In the artistic world, you live for your reviews. Whether you paint, act, write, sing or sculpt, it is the reaction of the audience that you await so eagerly. Your work is the extension of your life that you place before others for judgement—in hopes of their approbation, in fear of condemnation. The comments count.
Mind you, there is the occasional asshole out there who fails to understand that criticism should be a good-bad-good sandwich. They fail to understand the spoonful of sugar that is needed with the nasty stuff. You take their inconsiderate rudeness in stride. Their insults toughen you to the realities. The only problem is you often give their stupidity more importance than it deserves.
For the writer, the challenge is always to find subjects that interest you as well as your range of readers. People are easily bored and hard to amuse and entertain.
That is not a complaint. People live their own lives, in varying degrees of awareness to the world around them. The dullest of the dull is still a complex individual with all the feelings, strengths and weaknesses of their experience and fully capable of love, hate, passion, concern and all the emotions as the brightest and most erudite. And you are writing for both and everybody in between.
A writer does not say: “Today I am going to write something for stupid people.” Nor do you say the next day: “I am going to write something for the learned in our society, using big, rarely used words to keep out the riff-raff.”

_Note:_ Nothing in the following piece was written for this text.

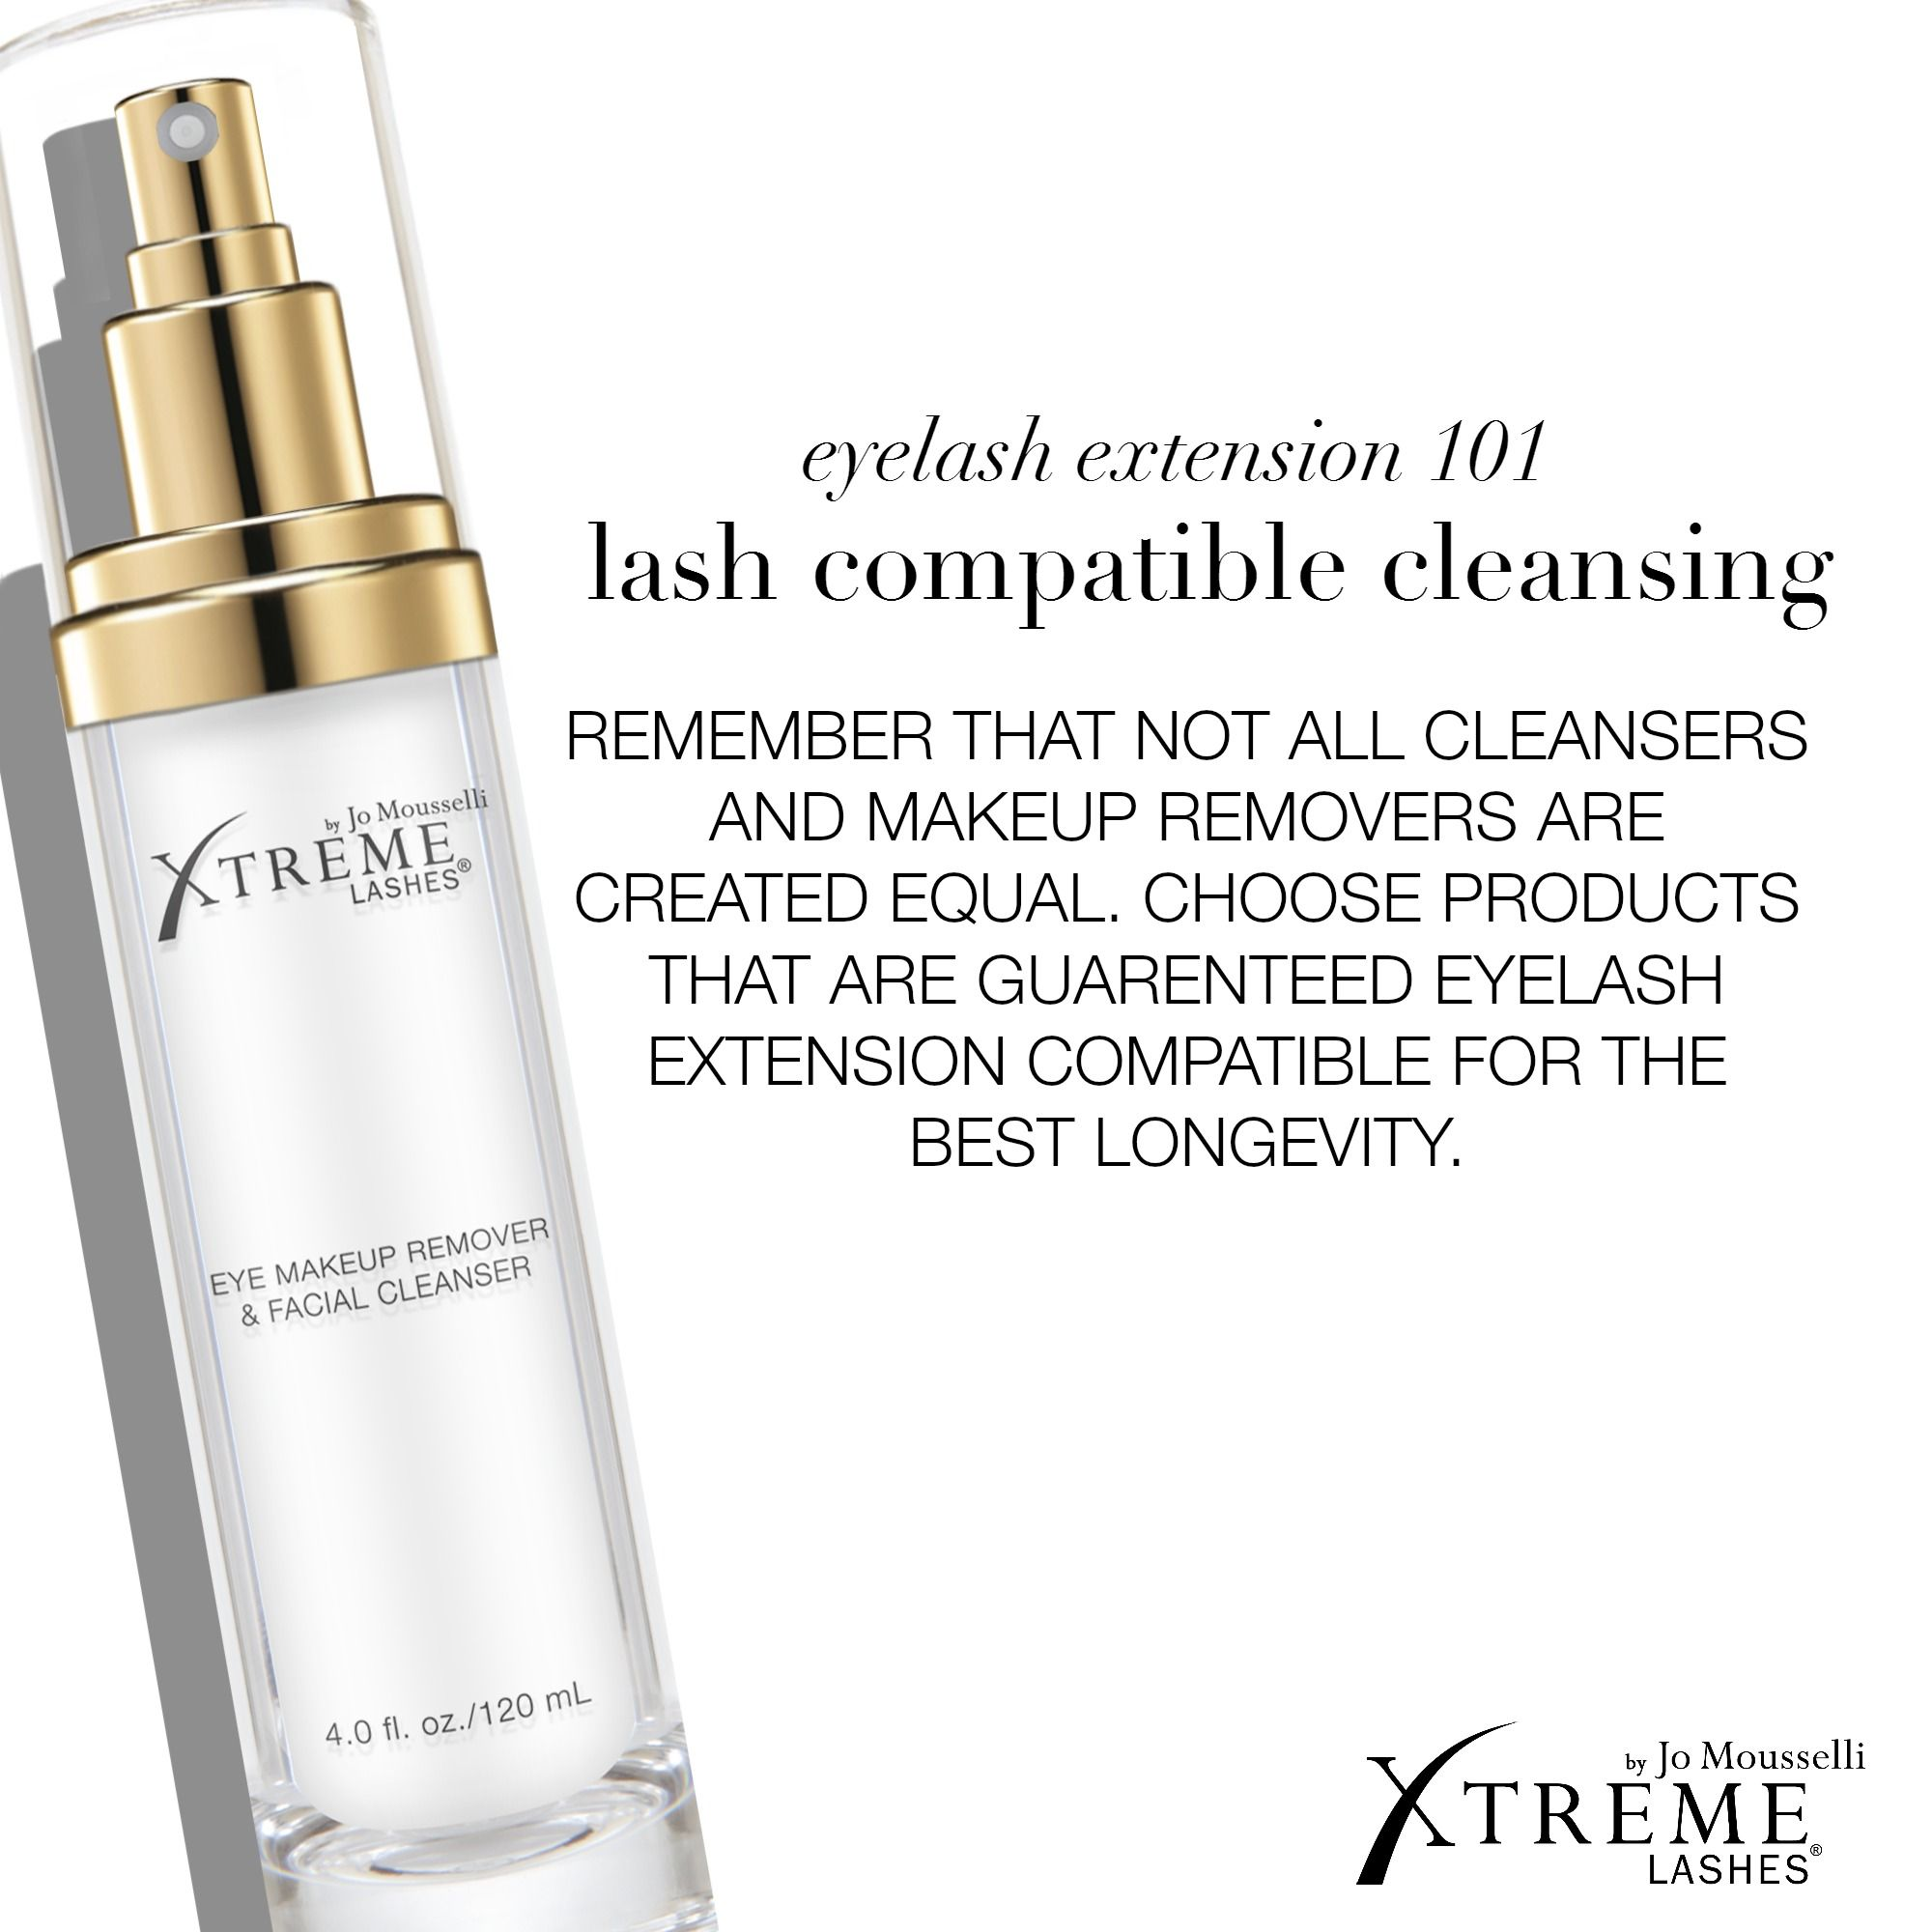 Eyelash Extension 101 By Xtreme Lashes Eyelash Extension 101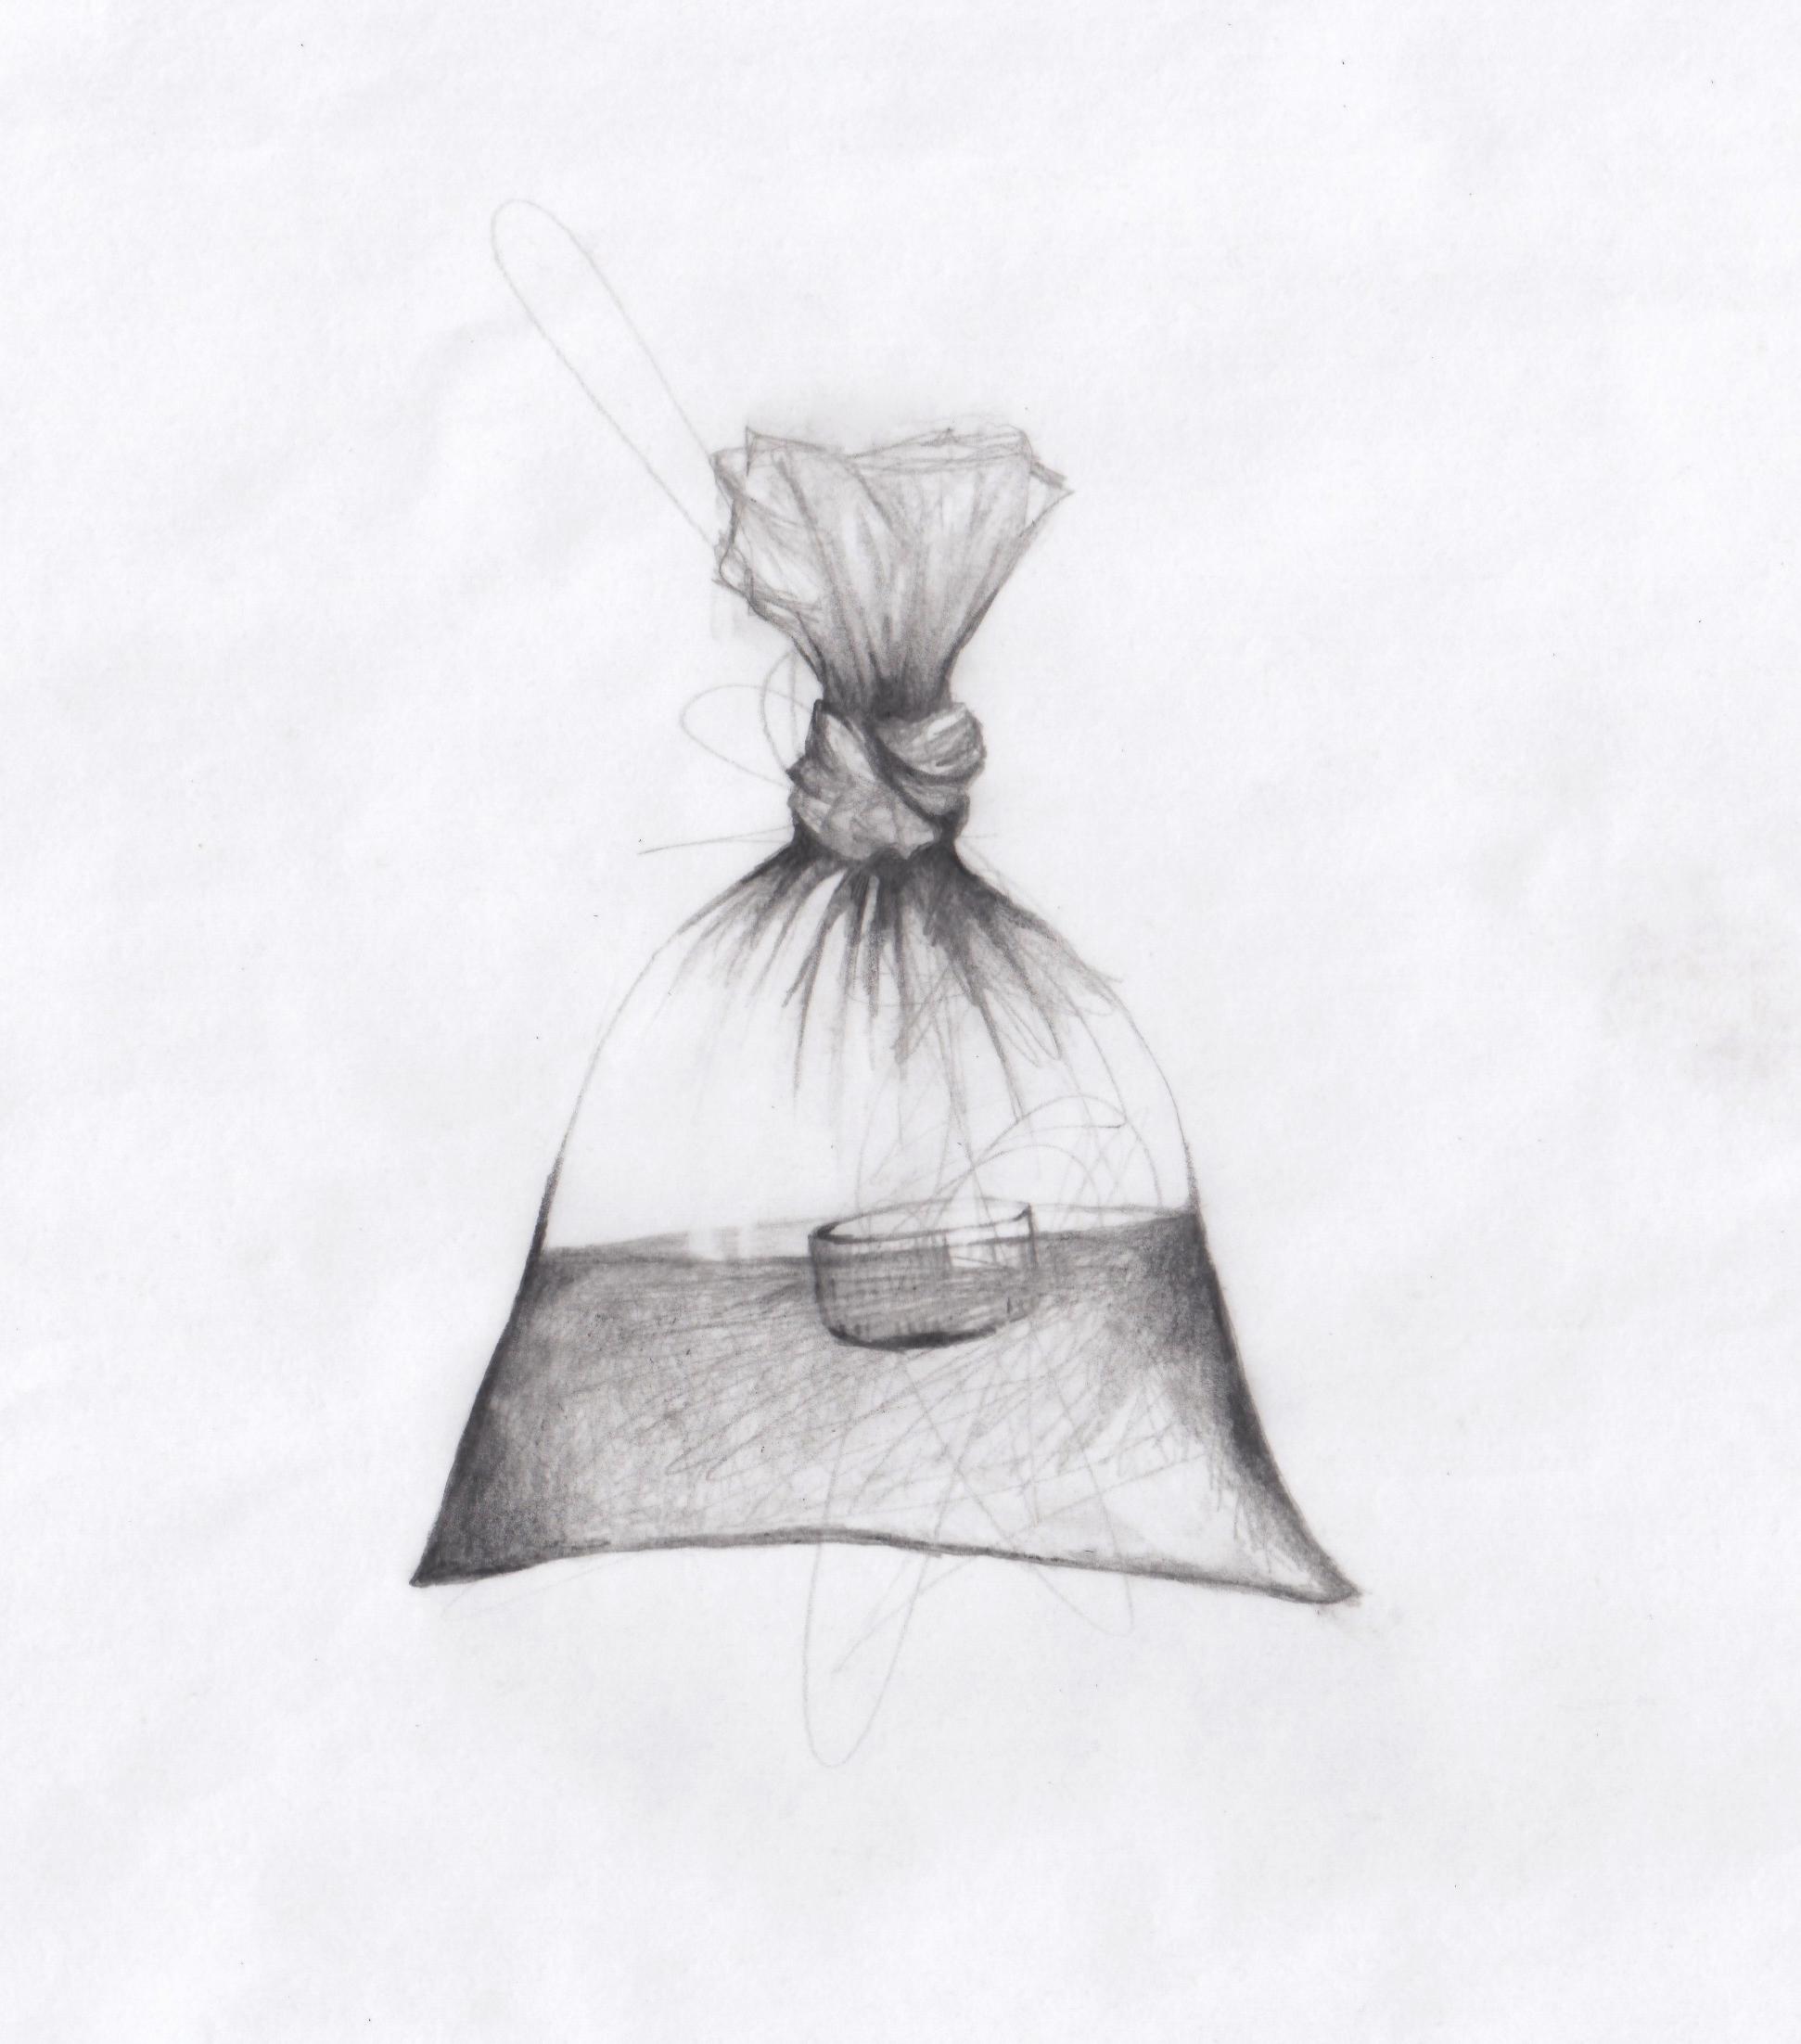 Pet Fish Bottle Cap in a Bag

A good writer writes for all. The words are simple. The sentences are easily parsed. Henry Luce determined many years ago that Time Magazine should be readable for a broad audience. The publication prides itself in that its articles are easily understood by the person who achieved grade nine level in a school with a standard K to 12 curriculum. Using a writer’s tool, known as the Gunning FOG Index calculations, that is easy to assess in every issue of the late Mr. Luce’s very successful publication..
Writing for children is a different situation. Then you must use simple sentences and a vocabulary of regularly spoken words. In English, that is somewhere around 4000 words in an average household. There can be no industry-specific words such as computer jargon, medical terminology or words recently created or picked up from foreign languages. It is words such as this that are pushing upwards the hundreds of thousands of words that are now accepted as part of the English language. It is a living language; subject to change without notice.
Since I neither aspire to write for the school-marmish editors of Time Magazine nor do I write for any children other than my own grandchildren, I tend to communicate in the language appropriate to the situation. If I am taking aim at some rude and childish person who fails to appreciate what I write, without engaging in intelligent discourse on the subject, I might just tell him to take a flying leap.
But to my regular readers—and you would be surprised at your numbers—you are most welcome. Please enjoy these comments and discussions as much as I enjoy writing them. Thank you for joining in.